REDD could also hurt the local communities living in and around forests. Members of the Ecosystems Climate Alliance filed a white paper last spring with the UN body overseeing the Copenhagen negotiations cautioning that poor forest-dwelling communities may bear the direct costs of REDD in the form of reduced rights to forage for staple foods or harvest crops, but would likely not receive REDD revenues paid to central governments. If this occurs, countries' most vulnerable citizens would be further impoverished by REDD. That's what happened when the governments of Kenya and Tanzania created big game parks to protect wildlife and promote safari tourism in the 1960's by evicting Maasai subsistence pastoralists.

But REDD could be fixed. One approach would be to link payments to political reforms and transparency at the national level, in a system modeled on World Bank loan conditionalities and Bush's Millennium Challenge Fund. However, these and other similar efforts have failed in the past. The Bank funded $4.2 billion Chad-Cameroon Oil Pipeline Project started with high hopes as a model for 'beating the resource curse' and making oil production revenue work for poverty reduction, but ended thanks to blatant flouting of the project's conditions by Chad's government (among other imbroglio, the president siphoned millions in oil revenue to buy arms, which were used to fight insurgents).

A better option would be to direct REDD payments to sub-national provinces and forest-dwelling indigenous groups, rather than central governments. This would put the carbon profits from forest conservation directly into the hands of local resource users, circumventing central governments and short-circuiting the corruption and state corrosion caused by natural resource windfalls. The distribution of REDD rents would make fighting over them less attractive, reducing resource conflict. Direct local payments will also make it more likely that REDD revenues will be spent to fund health clinics, pay schoolteachers, and spur sustainable economic development and poverty reduction. Field research I conducted in Fiji's fisheries found that environmental conservation and household food subsistence improves when local communities set the rules on natural resources use and keep the profits generated by conservation.
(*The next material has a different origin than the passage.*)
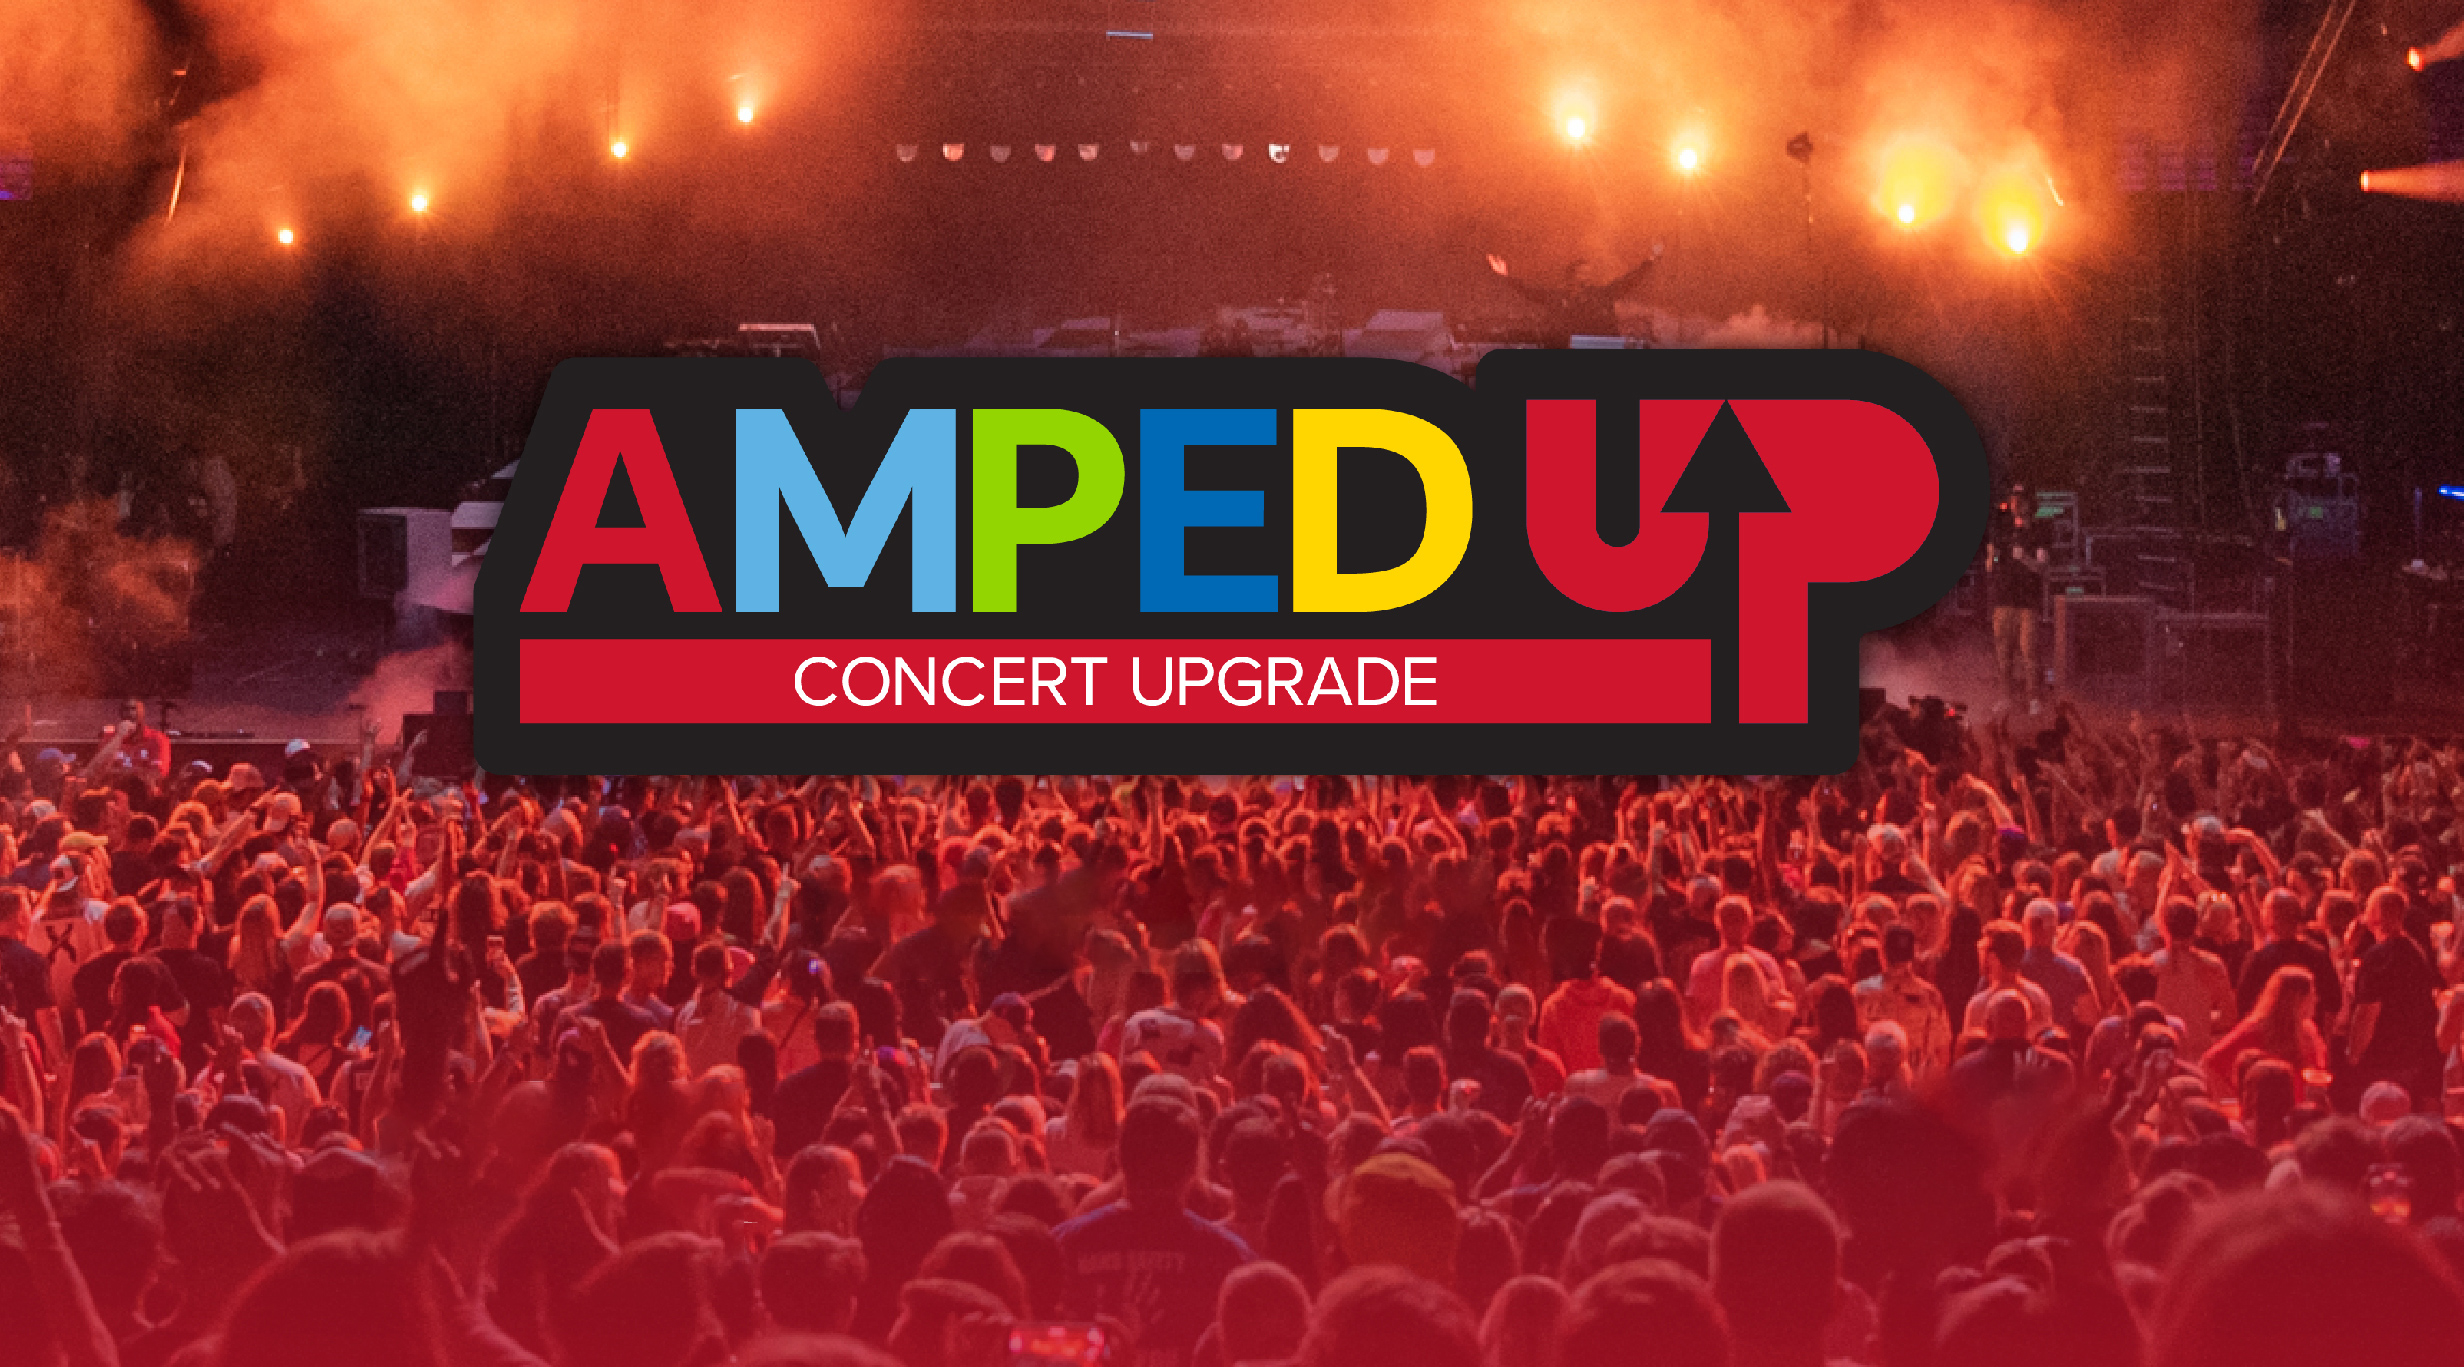 Summerfest Amped Up Concert Upgrade

And Ambroseli National Park in Kenya, which is managed in partnership with indigenous Maasai, has proven more successful than other parks at protecting wildlife populations and benefiting local communities. It was Elinor Ostrom's paradigm-shifting research, demonstrating that community control can promote more sustainable resource use than either private or state ownership, which in part earned her the Noble Prize in Economics this year.

Carbon emissions from deforestation account for almost 20% of human-caused greenhouse gas emissions, so there is broad consensus among environmental scientists that REDD will have to play a significant role in any serious effort to combat global warming. But negotiators in Copenhagen must take care that clever strategies to stop climate change do not threaten developing countries with a REDD induced resource curse.